Picture modern coworking office in business center with panoramic windows. Generic design computers and generic white furniture contemporary working zone. Open space area. Horizontal.

You may think that you don’t have time to get organized, but truthfully, you don’t have time not to. While it doesn’t do any good to rearrange piles of papers or clear off your desk if you don’t really file or eliminate anything, there are things you can do to establish an orderly and neat office space that increases your productivity and results in less time-wasting.

Rather than set aside day after day for a reorganizing project, do it a little at a time – then consider maintaining your office organization an ongoing project that you work on a little every day. Use these tips to get things off on the right foot:

1. Start with purging. Eliminate everything you don’t want or need. This means de-cluttering shelves of trinkets, emptying bins and wastebaskets and shredding papers you won’t use again. Start with a corner or a cabinet and get rid of everything you haven’t used recently. If it needs repair, give it to someone who can fix it. If it’s something of value that’s no longer needed, donate it to someone who can use it. If you have anything that collects dust but isn’t useful, send it on its way.

2. Redistribute. If you have items in your office that don’t belong there, give them back to their owners or return them to another part of the house or office building. Your office doesn’t need to be cluttered with things that don’t belong there in the first place.

3. Go for a zoned system. Determine what activities happen in each area of your office and make sure things that are used for those tasks are within reach. You might establish your desk as your workspace, your shelves, binders or file cabinets as a reference area and a particular closet, drawer or shelf as the supplies area, for example. Do you need a mailing or shipping center, a designing and creativity area or an entertaining or discussion space?

4. Label what you can. There’s no reason to go overboard, but it helps to label shelves, baskets and drawers with what goes in them. This helps you, as well as others who may have to invade the space while you’re at lunch or away on vacation.
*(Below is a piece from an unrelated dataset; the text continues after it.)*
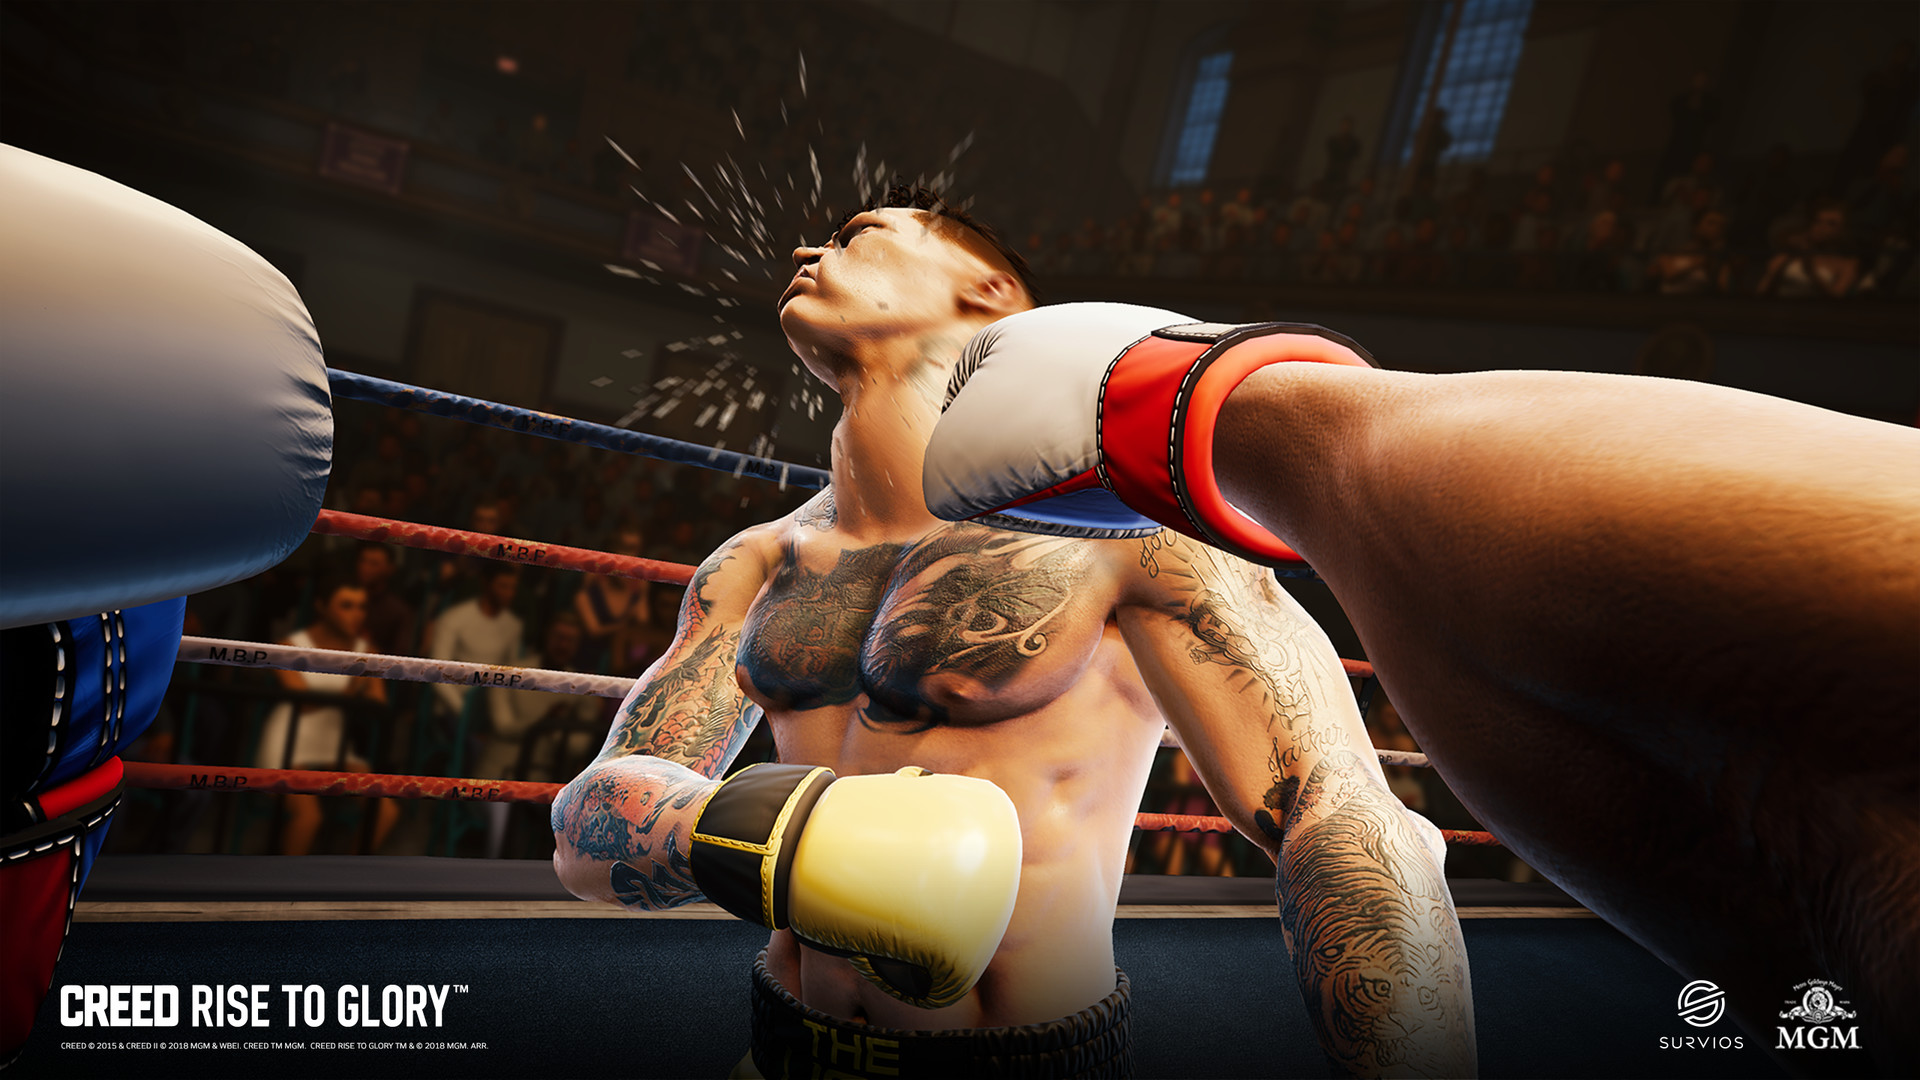 Бокс пс игры. Creed VR ps4. Creed Rise to Glory. Creed Rise to Glory VR. Бокс Крид VR.

5. Reconsider your filing system. We’re in the digital age, so you may not need to store certain papers at all. You certainly don’t need any duplicate files. File things by action – either physically or online – and create categories like “for a meeting”, “waiting on a response”, and “long-term storage”. Move items you won’t need for a while to a storage area and out of your workspace.

6. Organize your computer desktop too. Don’t let your computer derail your organizational strategy. Eliminate unnecessary files and junk from your desktop and all folders you use regularly. Folders that aren’t used often can be grouped together and hidden away.
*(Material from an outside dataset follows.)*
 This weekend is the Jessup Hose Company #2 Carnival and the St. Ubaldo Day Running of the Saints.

7. Clean your desk every evening. De-clutter your desk before you go home, at the very least, using a spray cleaner to remove any spills, fingerprints or dirt so it looks fresh for your next workday. Your morning will be easier to approach if your desk is clean and clear.
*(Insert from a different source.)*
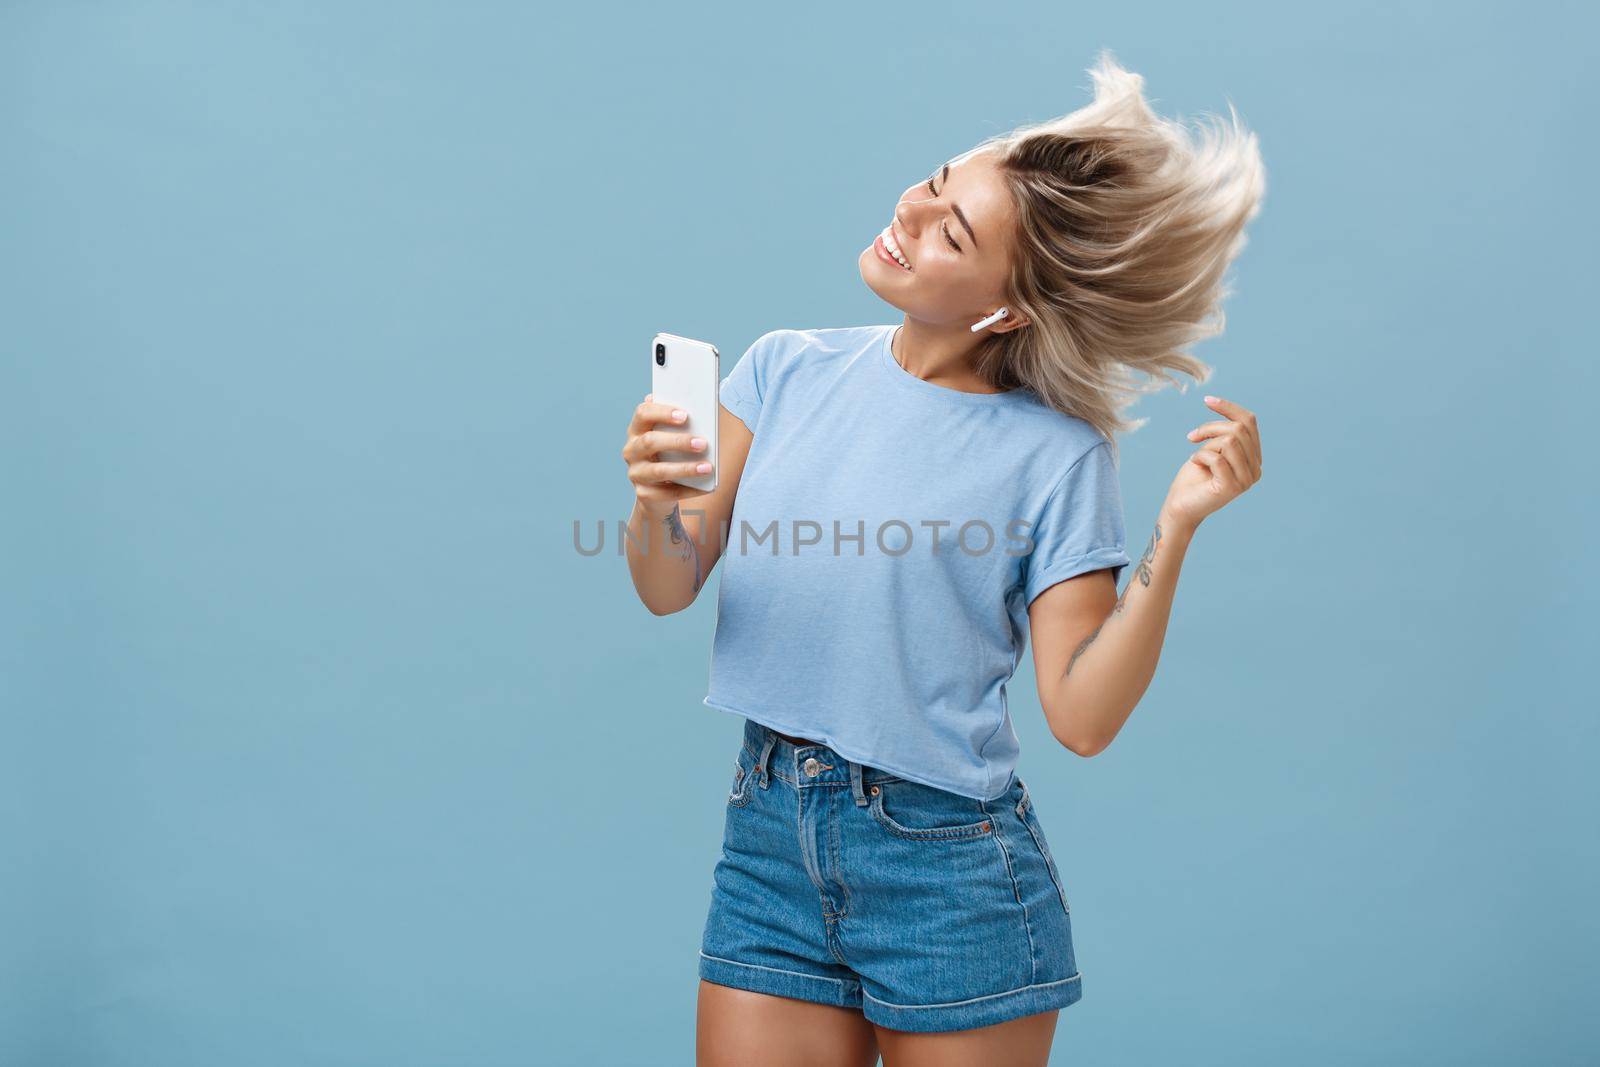 Lifestyle. Girl enjoying cool bits in brand new wireless earphones advertising earbuds in own blog recodring video via smartphone dancing from joy and delight smiling listening music over blue background.

Don’t forget to organize drawers, clear away any new piles that accumulate and deal with mail quickly and only once. Filter emails so you don’t see all the junk. Having trouble resolving an issue because you don’t know what needs to be done? Get help or outsource, if possible.

Everything you see, do, or touch in your work area should be properly organized. When you break organizational work into manageable tasks and do a bit every day, you can prevent becoming overwhelmed. You’ll never be finished with getting organized, but you don’t have to be behind in the game either.